When asked by reporters how families should address upcoming funerals and weddings, DeWine shared the following:

“I can tell you, we were contacted by a friend of mine who had somebody in the family who died. They were talking about how do we deal with this. They came to the conclusion that they would have their own service, but they would postpone the public service until later," the Governor said.

He acknowledges that “this is certainly very difficult for families” but suggests that Ohioans could take a similar approach.

“People plan weddings for a long, long time, and again, we would just ask them to figure out a way to celebrate the wedding, but maybe postpone the big celebration," he continued. "The last thing that any of us want is for a funeral or a wedding to be the cause of someone else dying. Very happy occasion as far as the wedding, but you don’t want someone in the family to get sick. Obviously, it’s difficult for relatives from out of state now to get in.”

Meanwhile, the Catholic Diocese of Cleveland is resounding the Governor's suggestion, encouraging couples to reschedule weddings if possible.

The Diocese released the following statement to FOX 8:

"Every effort should be made to reschedule weddings during this crisis if possible. If a civil license is available, a wedding can be celebrated with immediate family members only, keeping in mind the maximum number persons in attendance according to government directives."

Additionally, the Cuyahoga County Probate Court is no longer issuing marriage licenses until further notice with the exception of urgent circumstances.

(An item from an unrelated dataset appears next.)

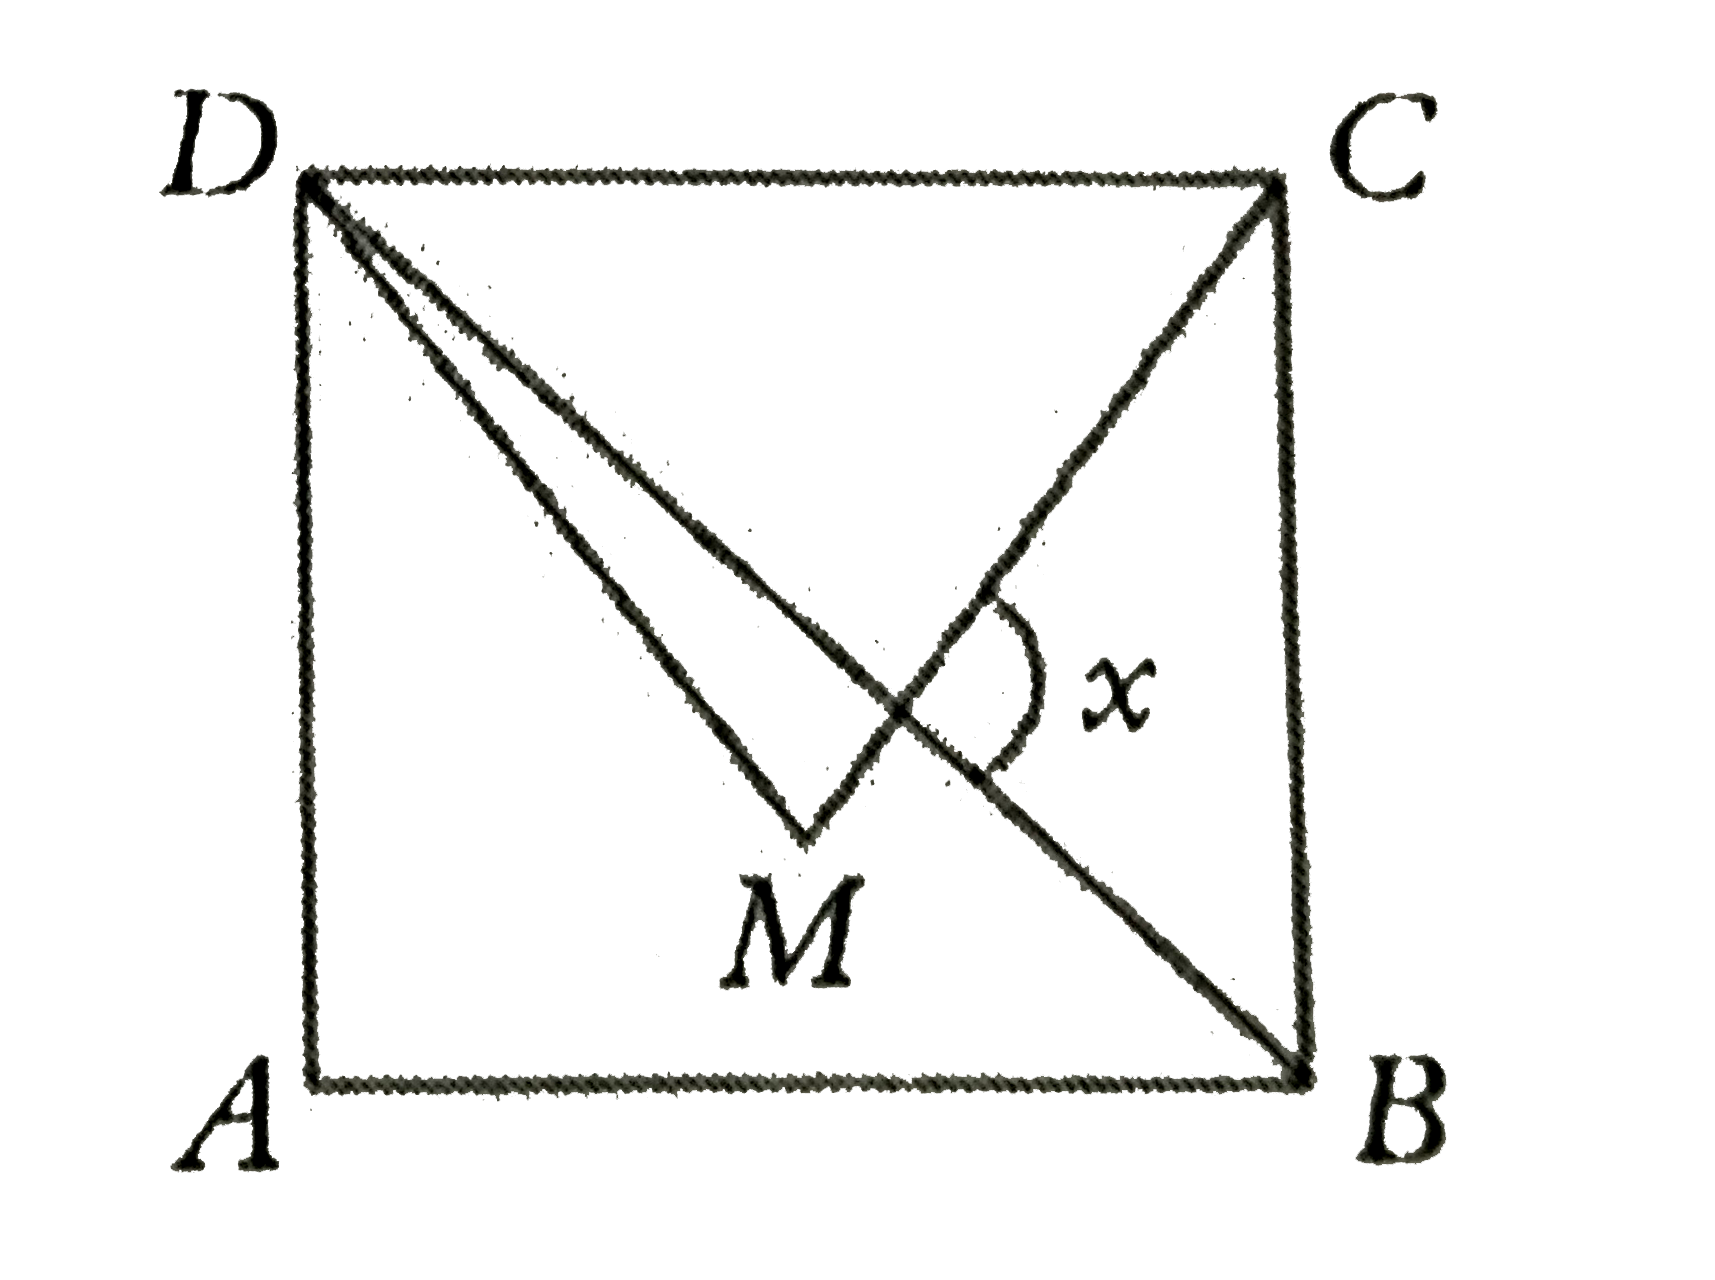 In the figure below, ABCD is a square , MDC is an equilateral triangle. Find the value of x.

With the virus outbreak on the rise, many couples have already chosen to postpone their ceremonies, especially since numerous event venues have closed.

One local wedding planner says several of her clients with May weddings are already looking to possible alternate dates in 2021.

"The first situation that it disrupted was the closing of the venus around town. We had about four of them close within three weeks of each other so brides were scrambling trying to find a new venue because the venues closed without warning," said Kimberly Mack of Dream Event Services LLC in Shaker Heights.

"Number one, I ask them to get wedding insurance so if it got canceled and nobody could find another day they could be reimbursed for all money spent. Another thing, I said to them was considering moving their date to later on if you can," she added.

If couples do not want to re-schedule their weddings Mack urges them to hold off having a reception or celebration until a later time.

"If they wanted to get married they just have to get married at that time. Invite just a small group of people, close friends, family and do it at a small setting and then hold the reception at a different time. It might be a little awkward, but you can always renew your vows or go through the ceremony later. But, these are trying times. Everybody is having trouble figuring this out," she said.